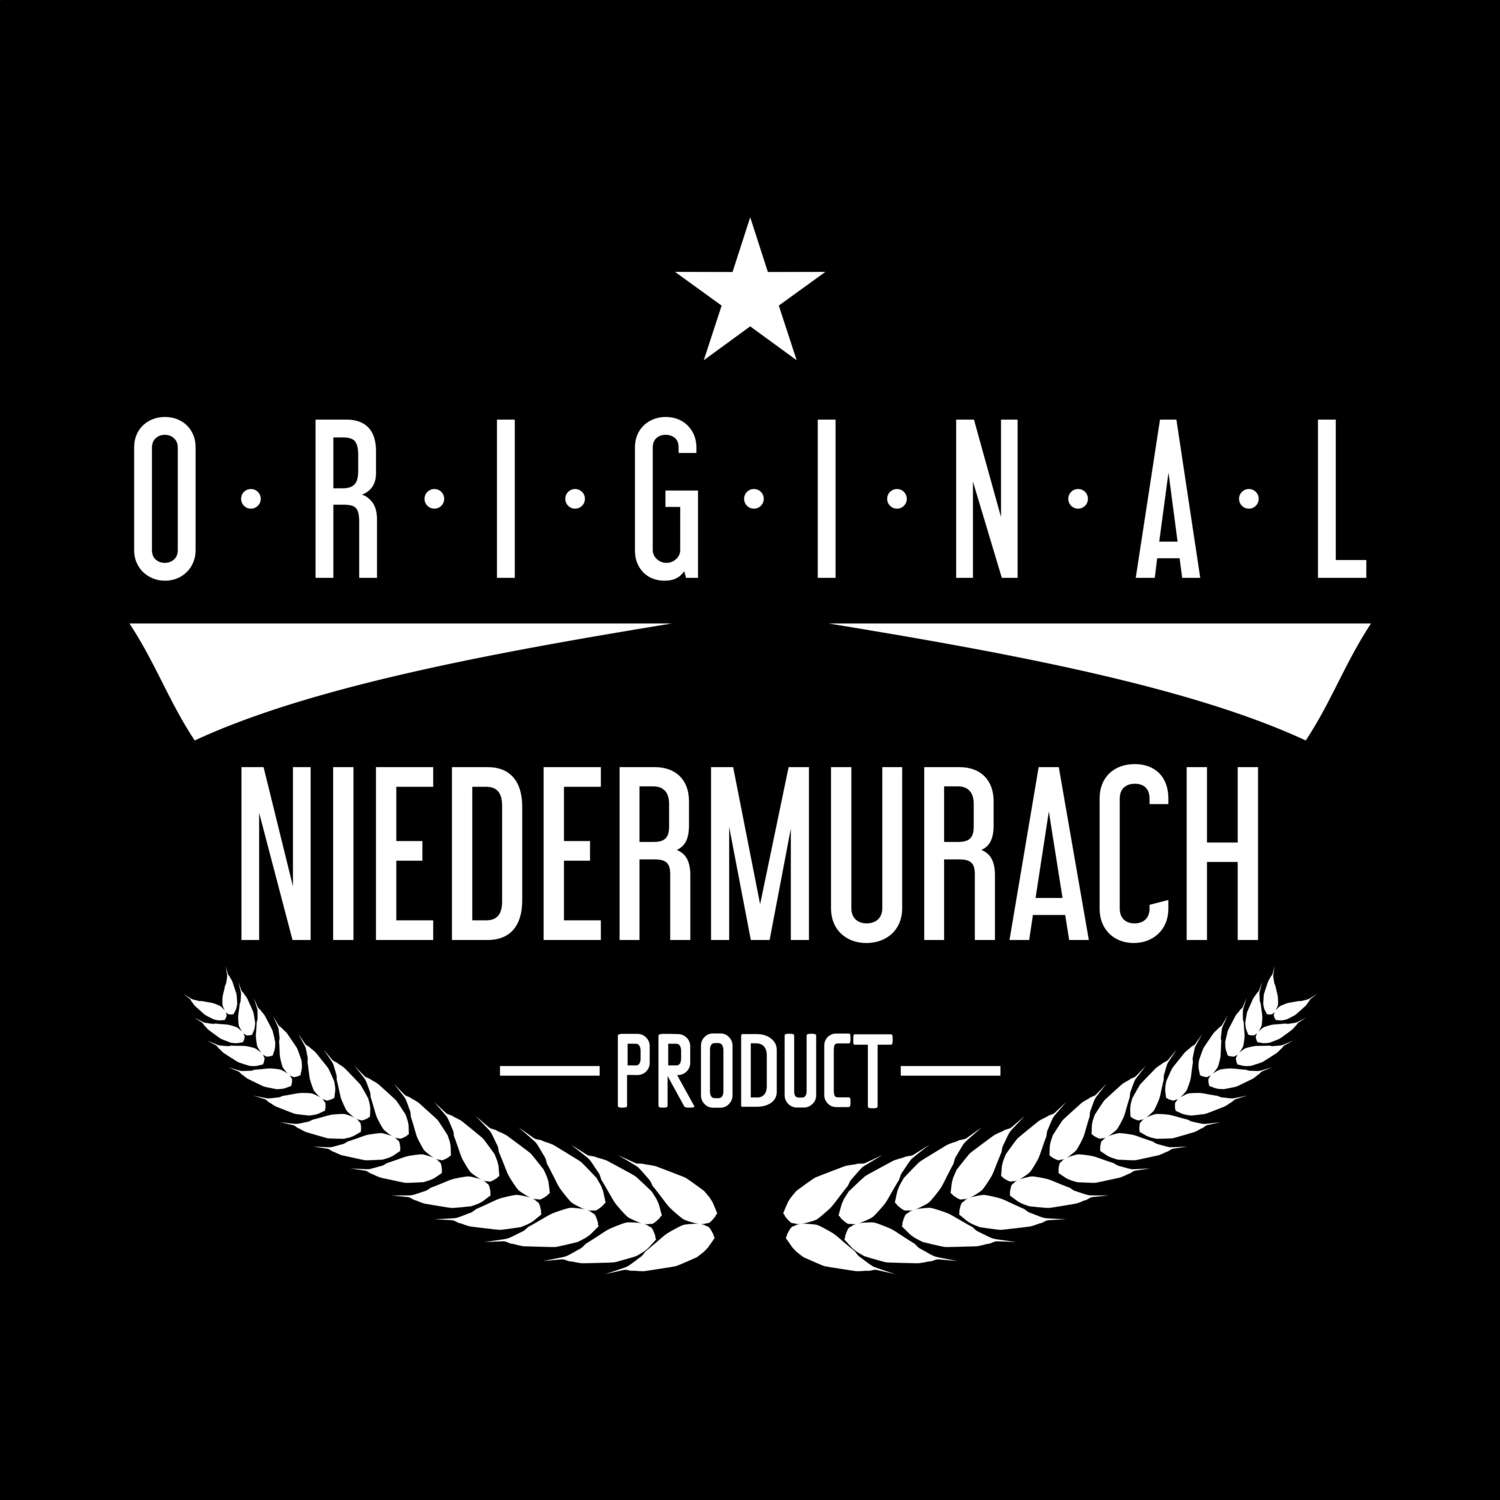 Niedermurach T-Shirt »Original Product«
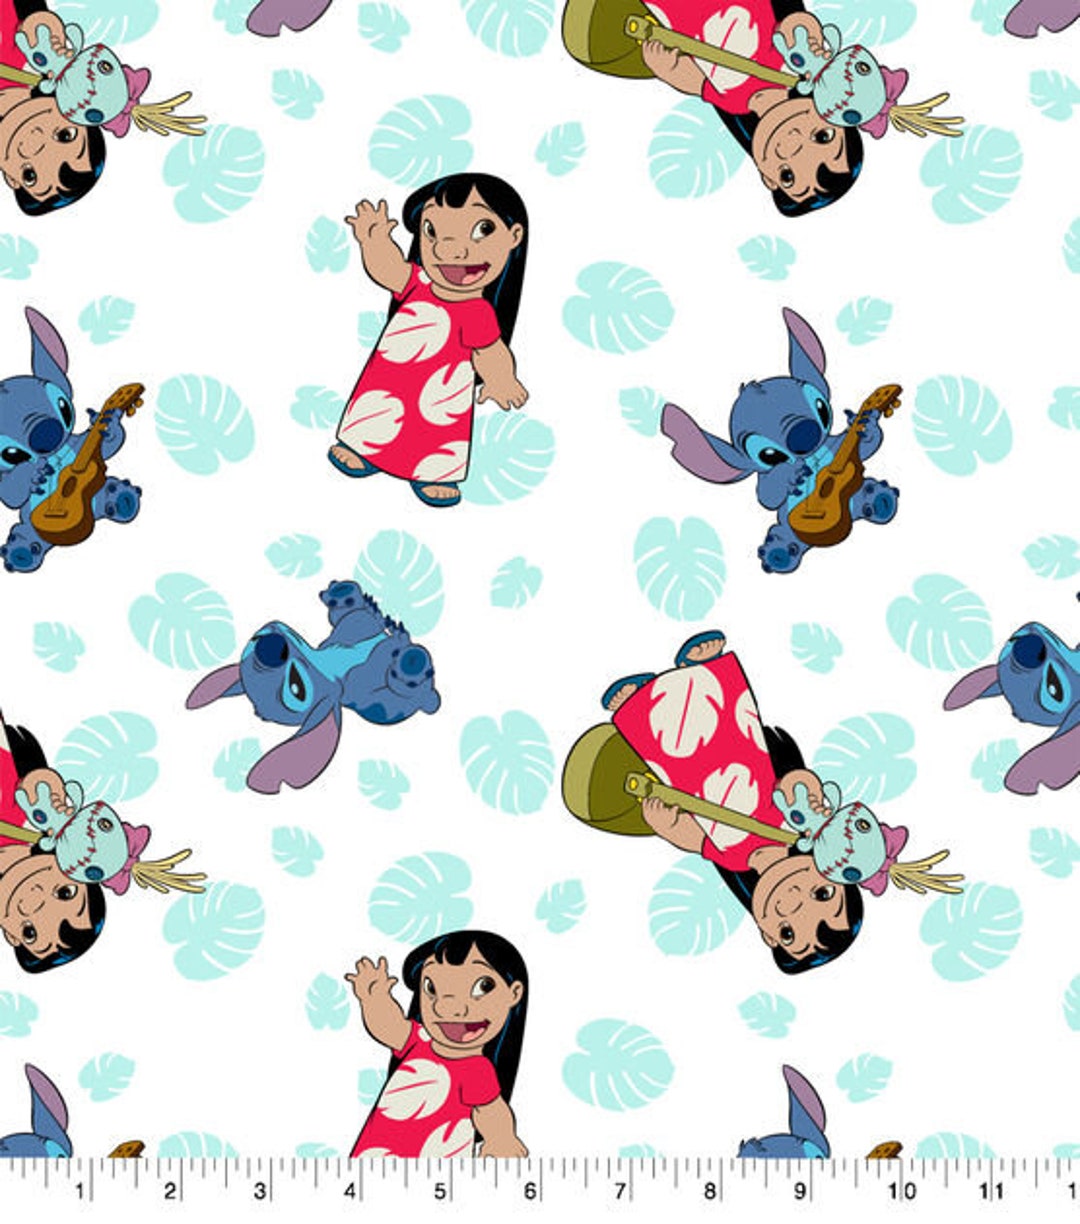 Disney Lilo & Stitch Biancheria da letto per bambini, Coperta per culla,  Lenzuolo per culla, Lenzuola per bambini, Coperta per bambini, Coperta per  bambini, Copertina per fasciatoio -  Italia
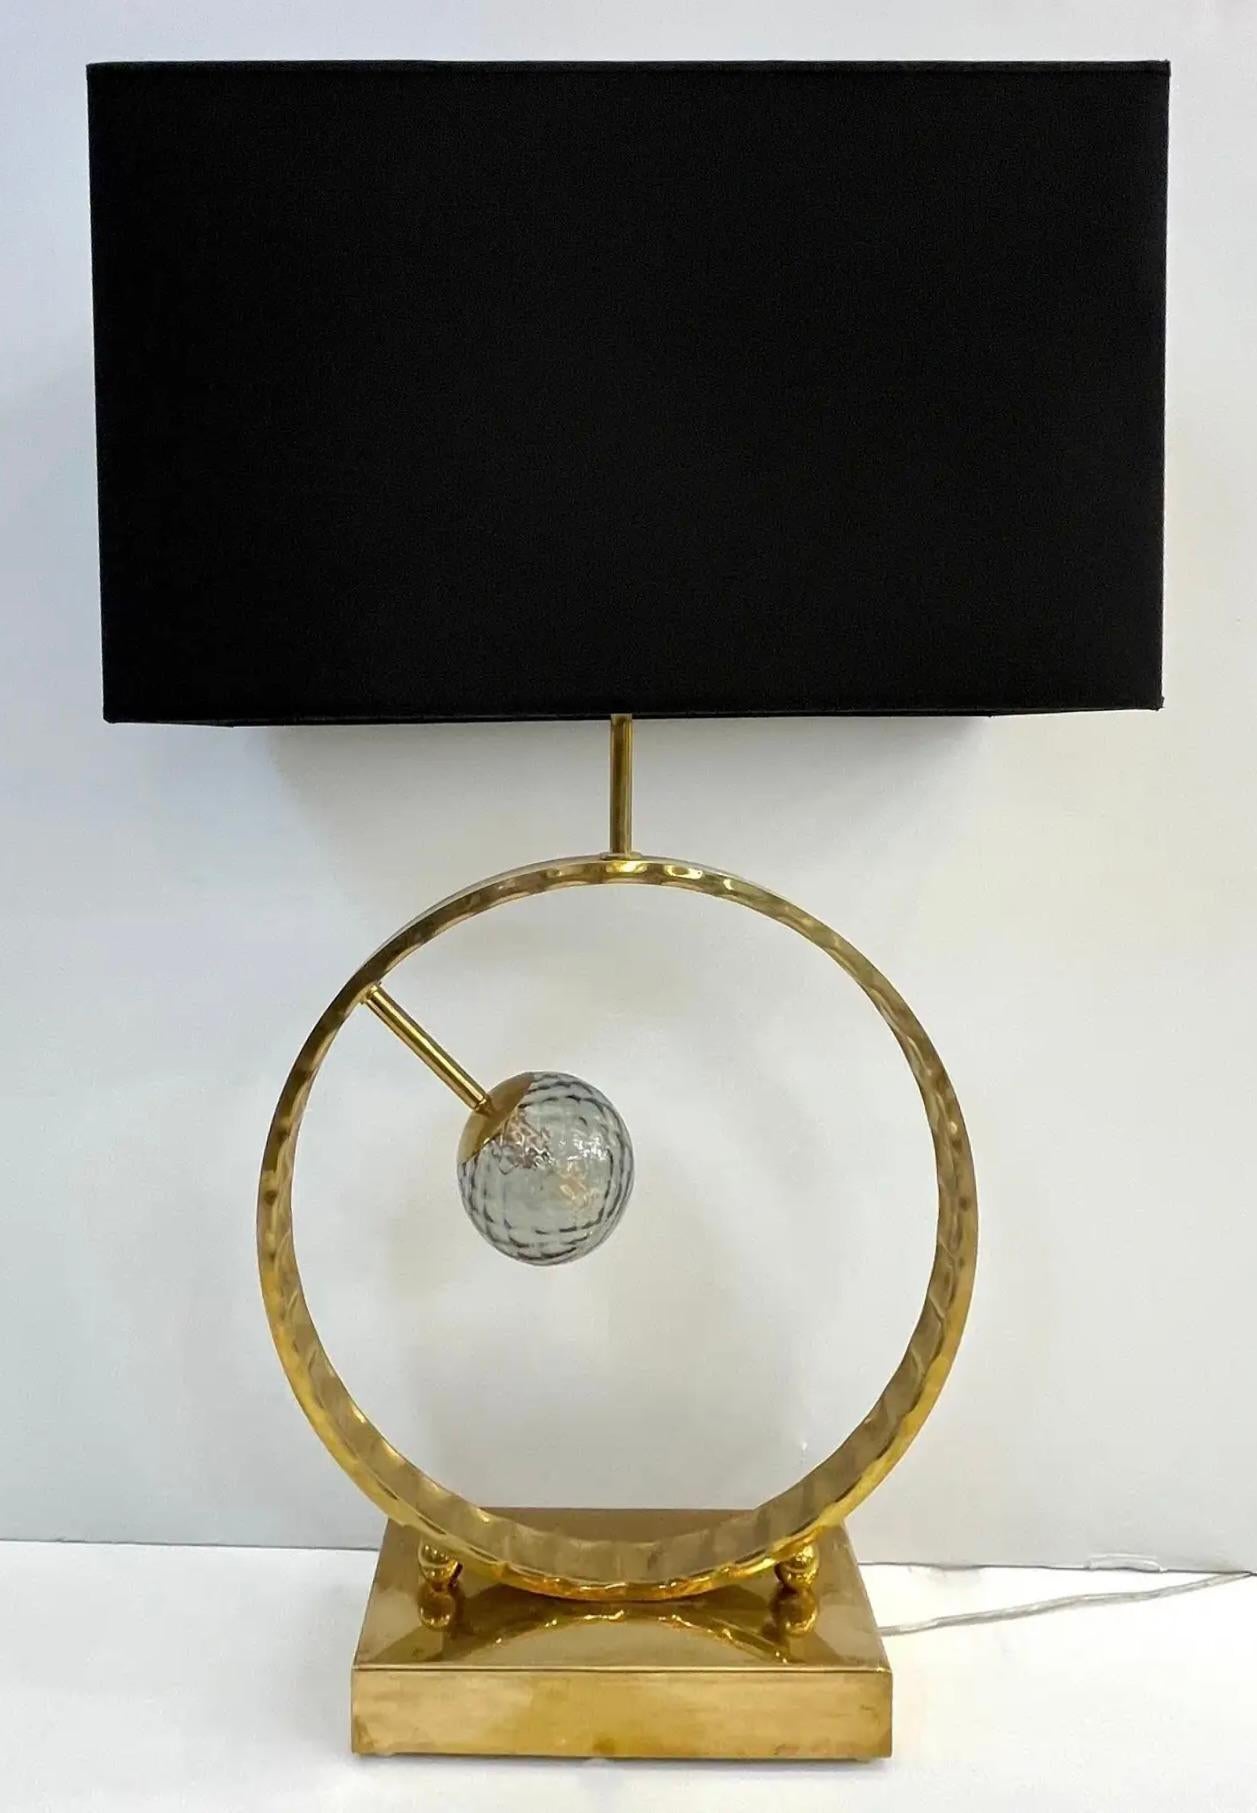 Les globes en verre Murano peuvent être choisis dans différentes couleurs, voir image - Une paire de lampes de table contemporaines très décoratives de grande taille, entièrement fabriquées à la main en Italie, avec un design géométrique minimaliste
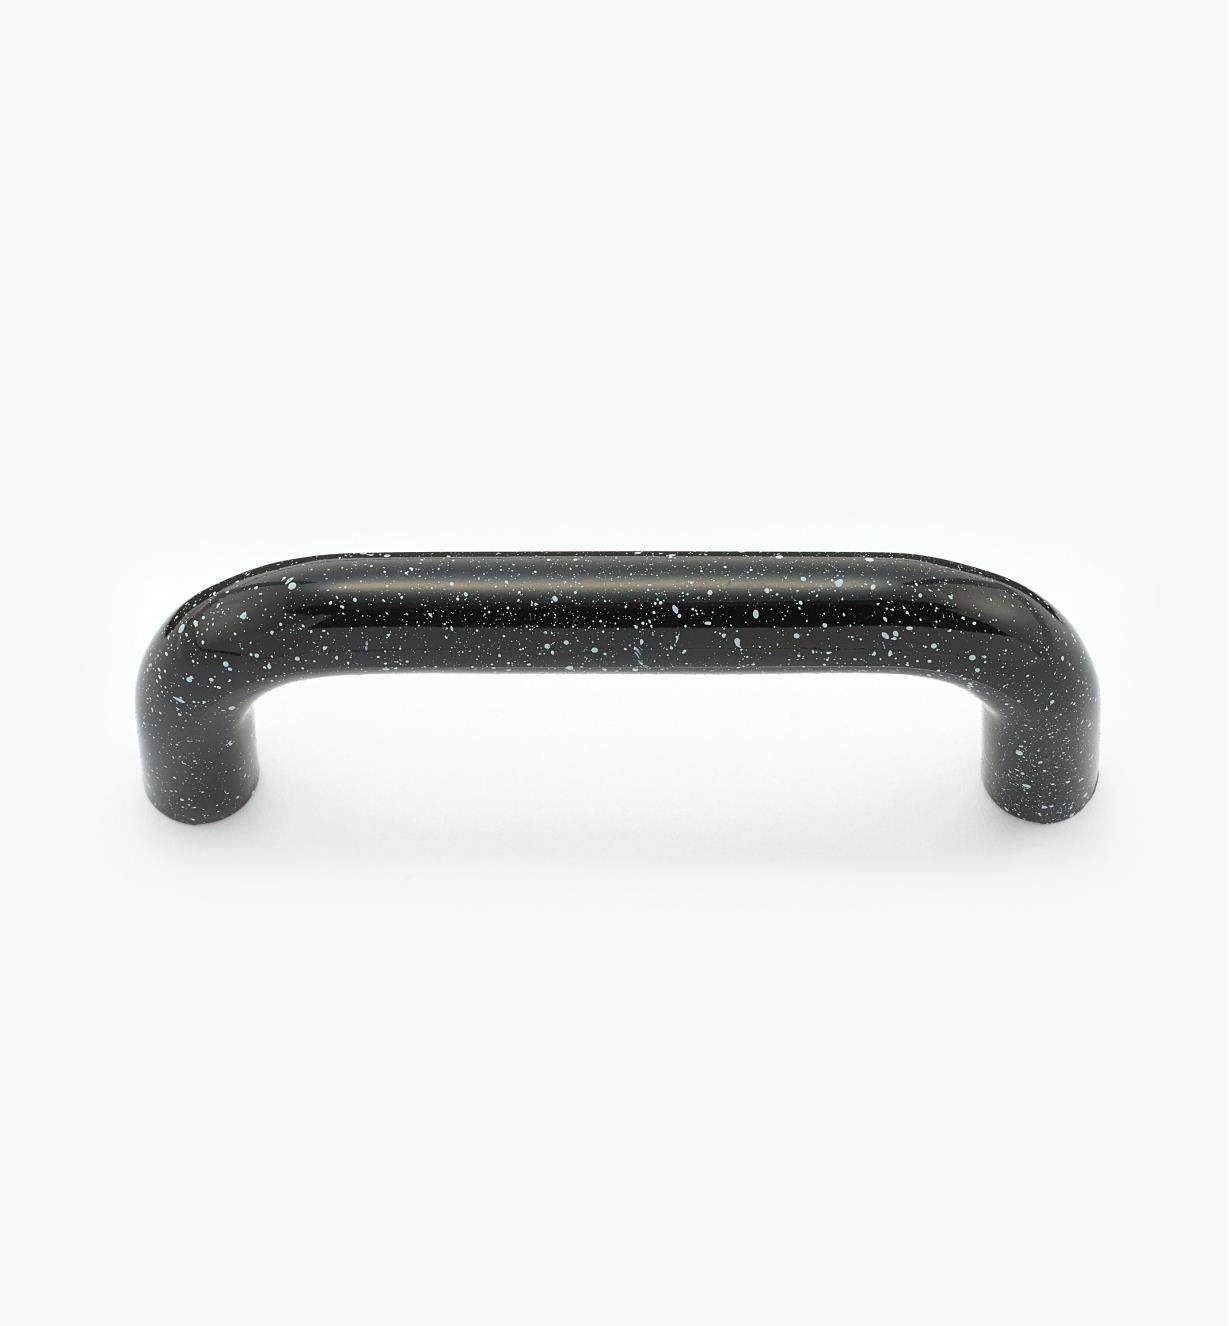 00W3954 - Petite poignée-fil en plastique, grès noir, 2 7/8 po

PROBLEM TO SOLVE:
Please reproduce the lines above from the one containing "Les globes en" through the final line, exactly and inclusively, leaving out each picture.

TASK OUTPUT:
 Les globes en verre Murano peuvent être choisis dans différentes couleurs, voir image - Une paire de lampes de table contemporaines très décoratives de grande taille, entièrement fabriquées à la main en Italie, avec un design géométrique minimaliste
 00W3954 - Petite poignée-fil en plastique, grès noir, 2 7/8 po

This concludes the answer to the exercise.